Сумасбродная мысль вдруг пришла в голову Наташе. Она вспомнила слова Жоржа о завещании самоубийц и, полная страха, бросилась к себе в будуар, достала из шкафа свое духовное завещание, по которому все должно было перейти к монастырю, и положила его на стол. Затем она побежала в кабинет отца и в целой массе пузырьков, оставшихся после его болезни, разыскала морфий и дрожащими руками поднесла его ко рту...

И теперь, когда все уже было сделано, она возвратилась к себе в будуар, написала записку с просьбой никого не винить в ее смерти и положила ее рядом с завещанием на стол.

Теперь все достанется не монастырю, а брату, и он уже не посмеет отказаться от наследства, так как оно теперь родовое и все равно перейдет к его детям...

«Я исполнила волю отца... — думала она. — Я завещала все монастырю...»

Раздался стук калитки, послышались чьи-то шаги, и, весь мокрый, с росинками на усах и бороде, к ней в будуар вошел Березин.

— Вы одна, Наташа, — сказал он. — Вы боитесь грома... Лиза послала меня к вам, чтобы вам не было страшно...

И, увидев ее, сидевшую у стола, он взял ее за руку.

Гроза уже проходила, молния сверкала реже, и в сумерках он не видал того, что лежало на столе.

— Natalie, — сказал он, и голос его задрожал. — Будьте моей женой! Вы богаты, я беден, но я люблю вас и дорого бы дал, чтобы вы тоже были бедны!
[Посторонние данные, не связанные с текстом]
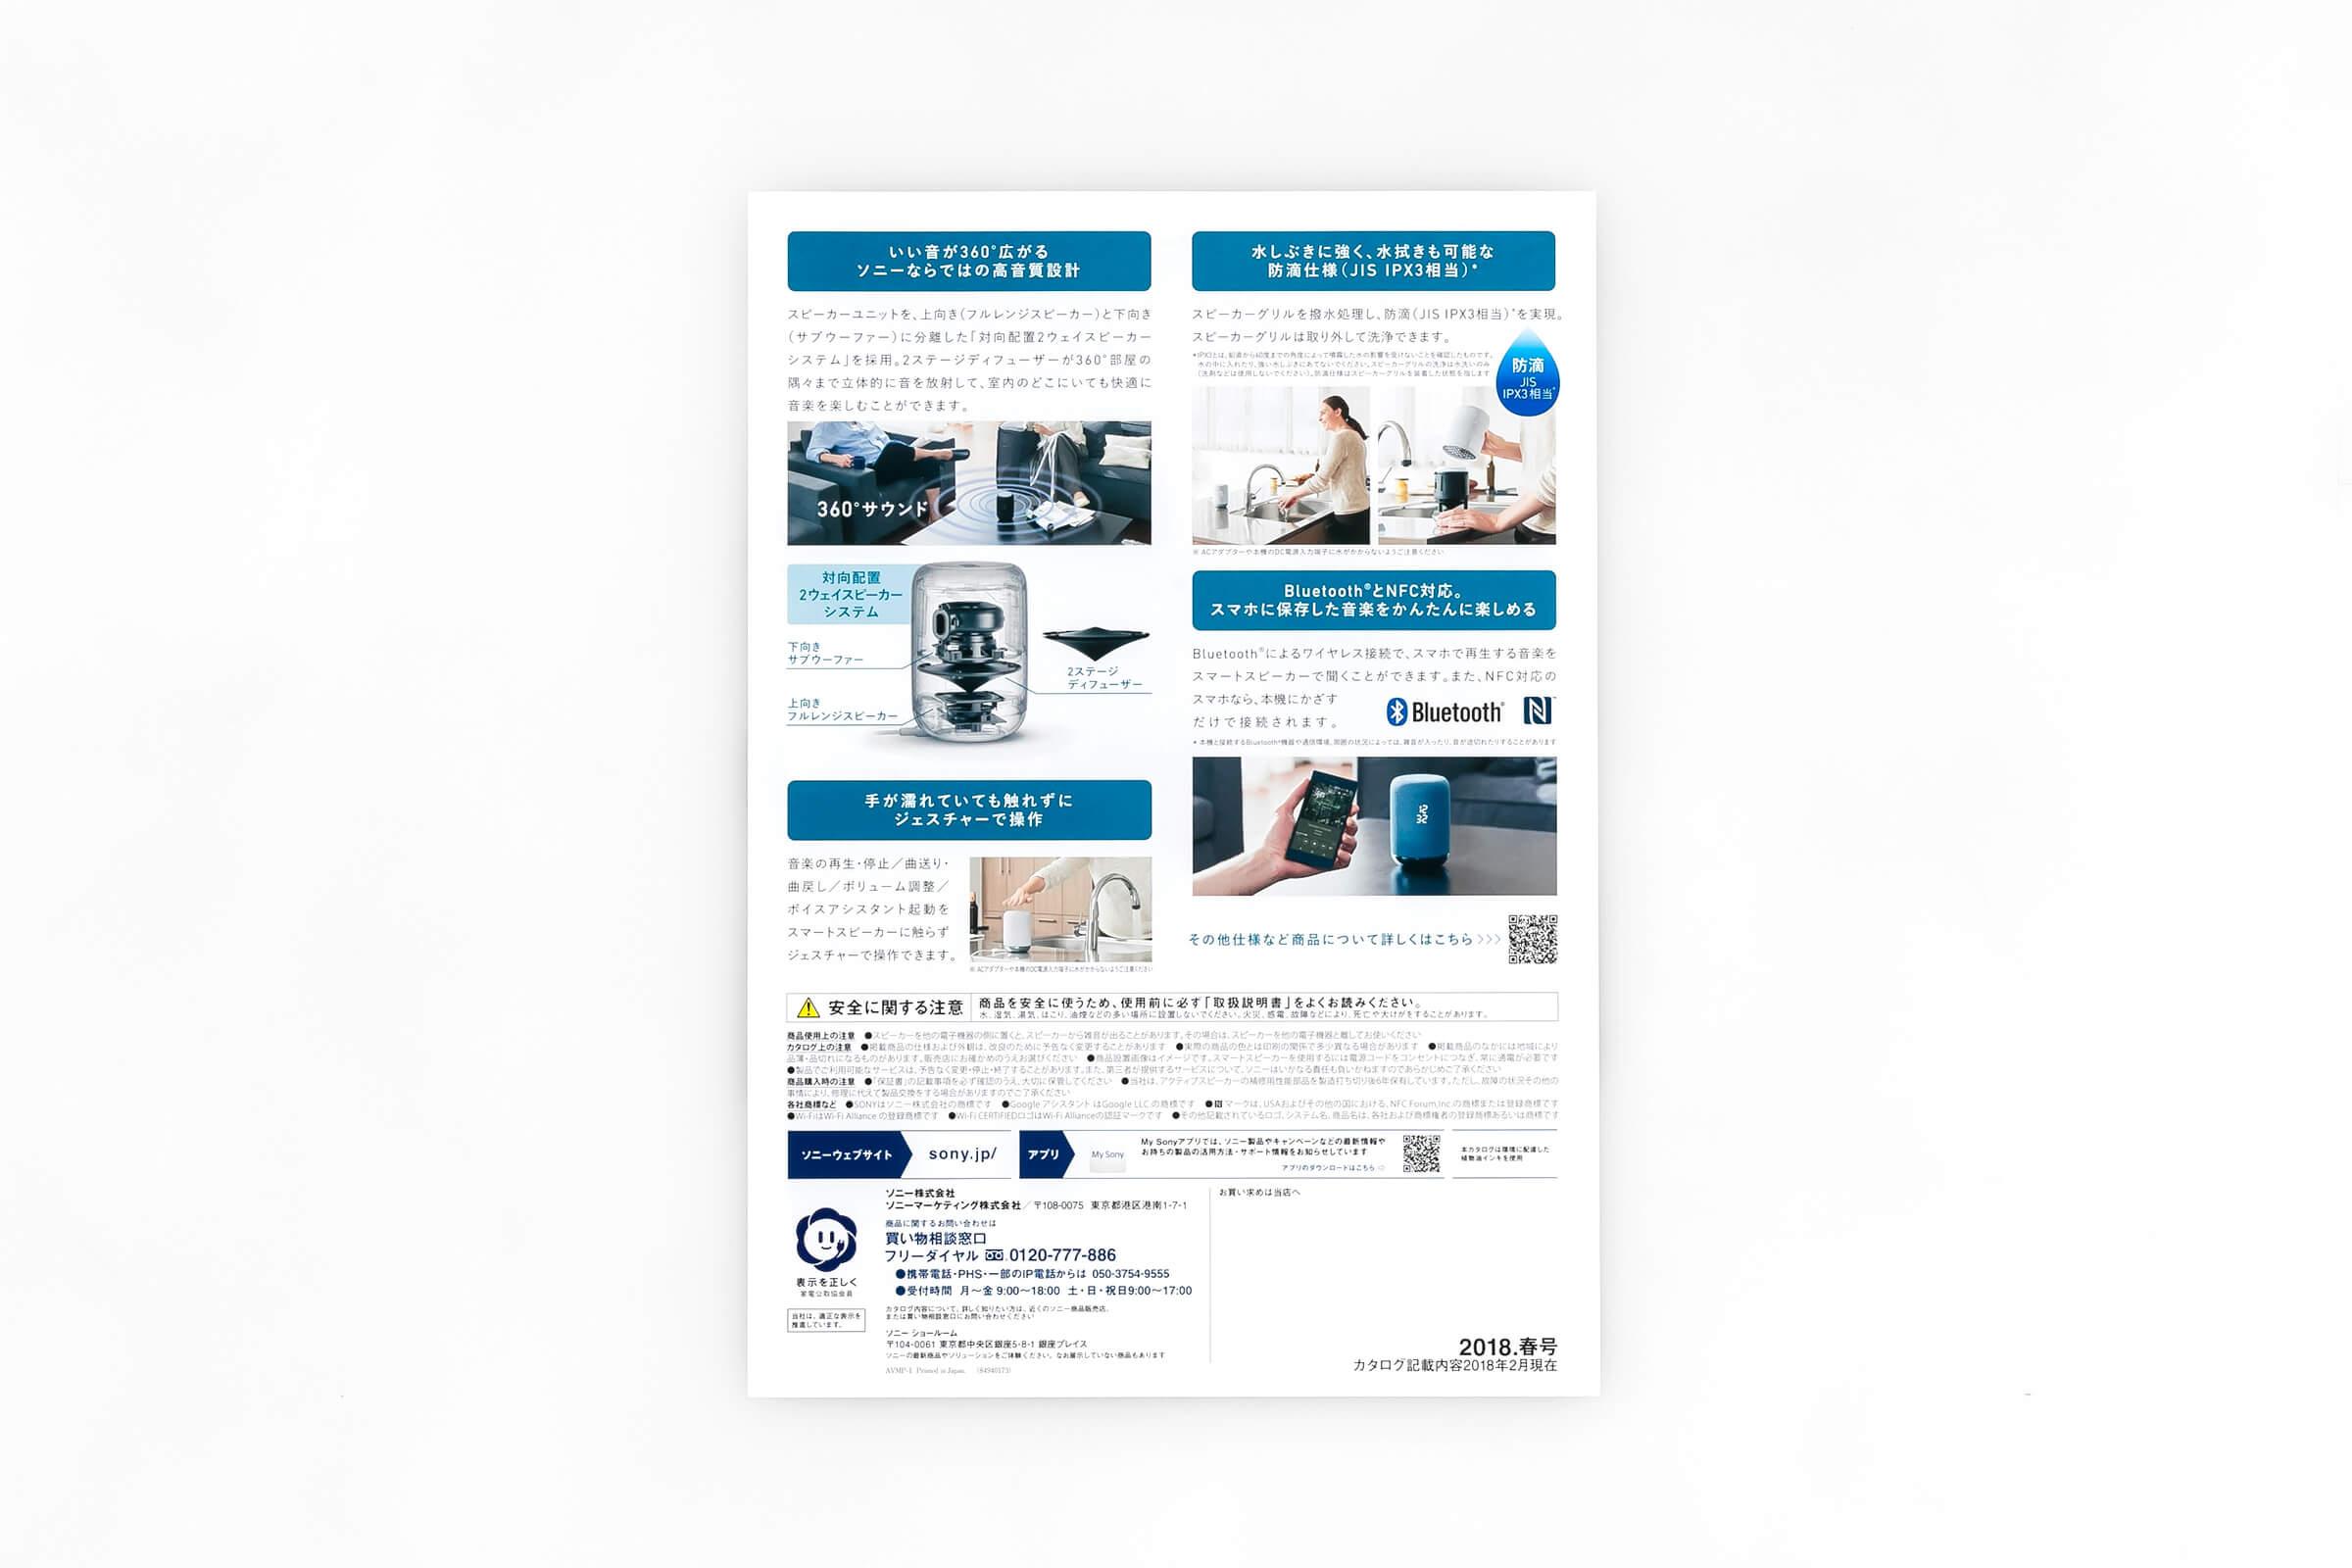 スマートスピーカー(AIスピーカー)LF-S50G 商品カタログ 裏面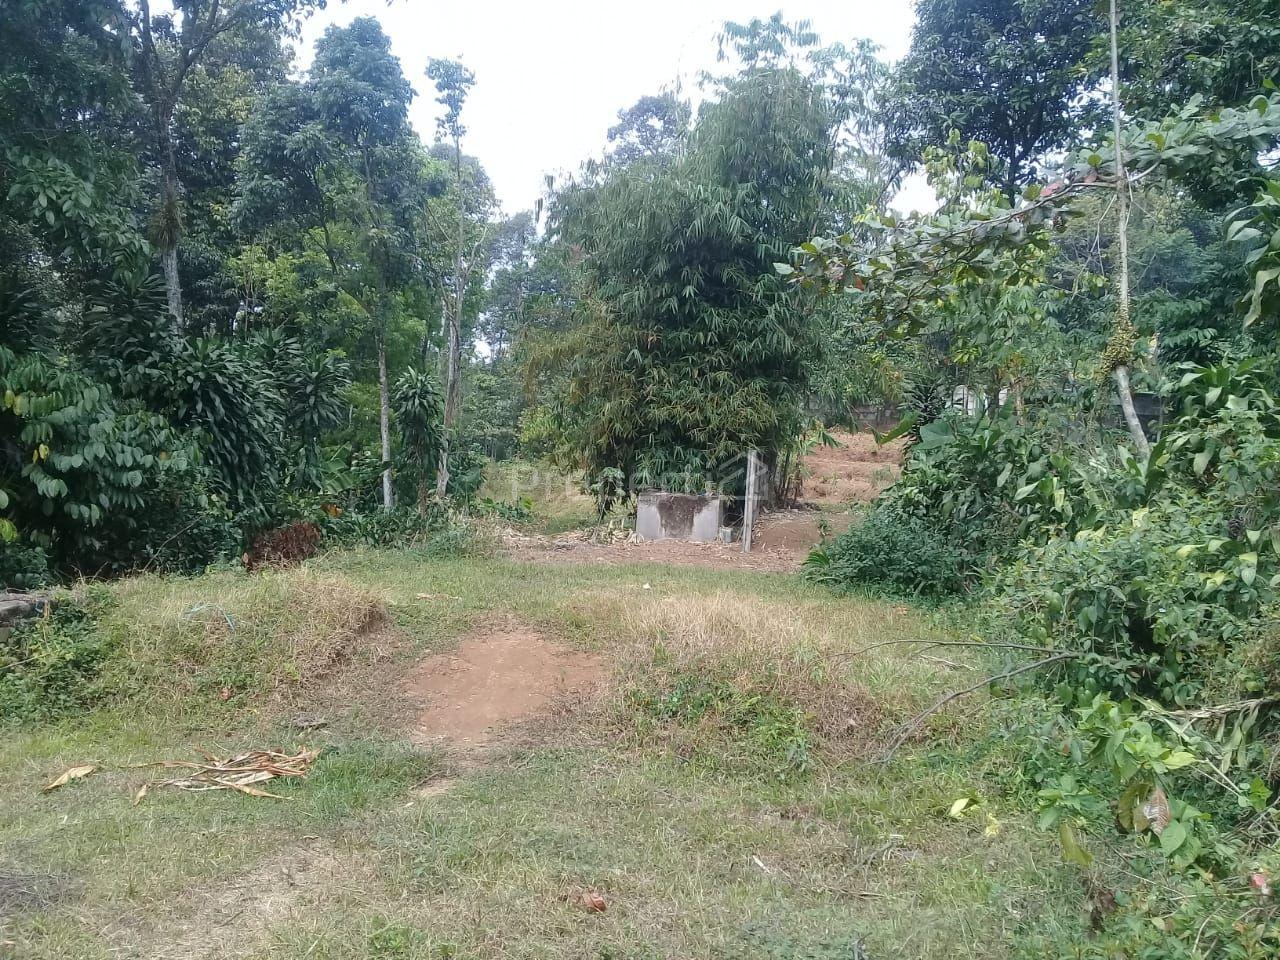 Land 5.5 Ha Allocation of Housing in Sukajadi, Bogor, Jawa Barat

Она улыбнулась, подняла на него глаза, ей хотелось сказать ему, что она уже бедна, что все принадлежит уже не ей, а Николаю или его детям; но она почувствовала вдруг, как руки и ноги у нее похолодели и как замерло вдруг сердце. А затем у нее в глазах все позеленело, она хотела открыть рот, чтобы просить о помощи, но голова ее безнадежно свалилась на грудь, и всем телом она съехала со стула на пол...

Пустой случай

Иванов знал, что его брат Григорий, ссыльный, бежал с каторжных работ. Мать наводила о сосланном справки, и знатоки тюремного дела сообщили ей, что в этом еще радости мало, так как, по всей вероятности, он попался в руки стариков. Едва только молодого арестанта, сказали они, привозят на Сахалин, как старые каторжники подговаривают его бежать, разводят перед ним турусы на колесах, а затем по дороге отнимают у него деньги, убивают его и возвращаются назад. И все такие исчезнувшие новички официально числятся в бегах. Вот почему уже восьмой год мать не получает от сына никаких известий. И если бы он был жив, то, наверное, дал бы о себе знать. И она поверила в то, что говорили ей знатоки, записала раба божия Григория в святцы и каждое воскресенье в церкви подавала о нем за упокой.

В ту ночь, когда его арестовали жандармы, его жена только что произвела на свет сынишку Витьку, и Ивановым стоило больших хлопот, чтобы об обыске и об аресте не узнала тогда же роженица. Теперь Витьке шел уже восьмой год, а Анна Федоровна так и осталась соломенной вдовой.

Чтобы избежать сплетен, пересудов и сожалений, Ивановы тогда же переехали на жительство в другой город и с тех пор жили все вместе в одной квартире.

Однажды вечером Иванов и Анна Федоровна были с знакомыми в театре, а затем отправились поужинать в ресторан. Когда лакей подавал им второе блюдо, случилась неприятность. Зазевавшись на что-то, он зацепился локтем за спинку стула, на котором сидел Иванов, и вылил весь соусник ему прямо на сюртук. Все бросились помогать Иванову, началась суматоха, и в конце концов вышел сам содержатель ресторана, извинился перед Ивановым, а лакею тут же, при всех, резко сказал:

— Убирайся вон! Ты у меня уже больше не служишь!

Иванову было жаль сюртука и в то же время было жаль и лакея, который должен был теперь остаться без места. Было неприятно, что пришлось обратить на себя внимание всего ресторана, считавшего его жертвою нерасторопности лакея; к тому же и соус стал проникать к самому телу. Ивановы не доужинали и уехали домой.

— Такая досада!.. — вздыхал по дороге Иванов. — Как нарочно, надел сюртук новый. Ты не знаешь, Нюся, бензином оттереть можно?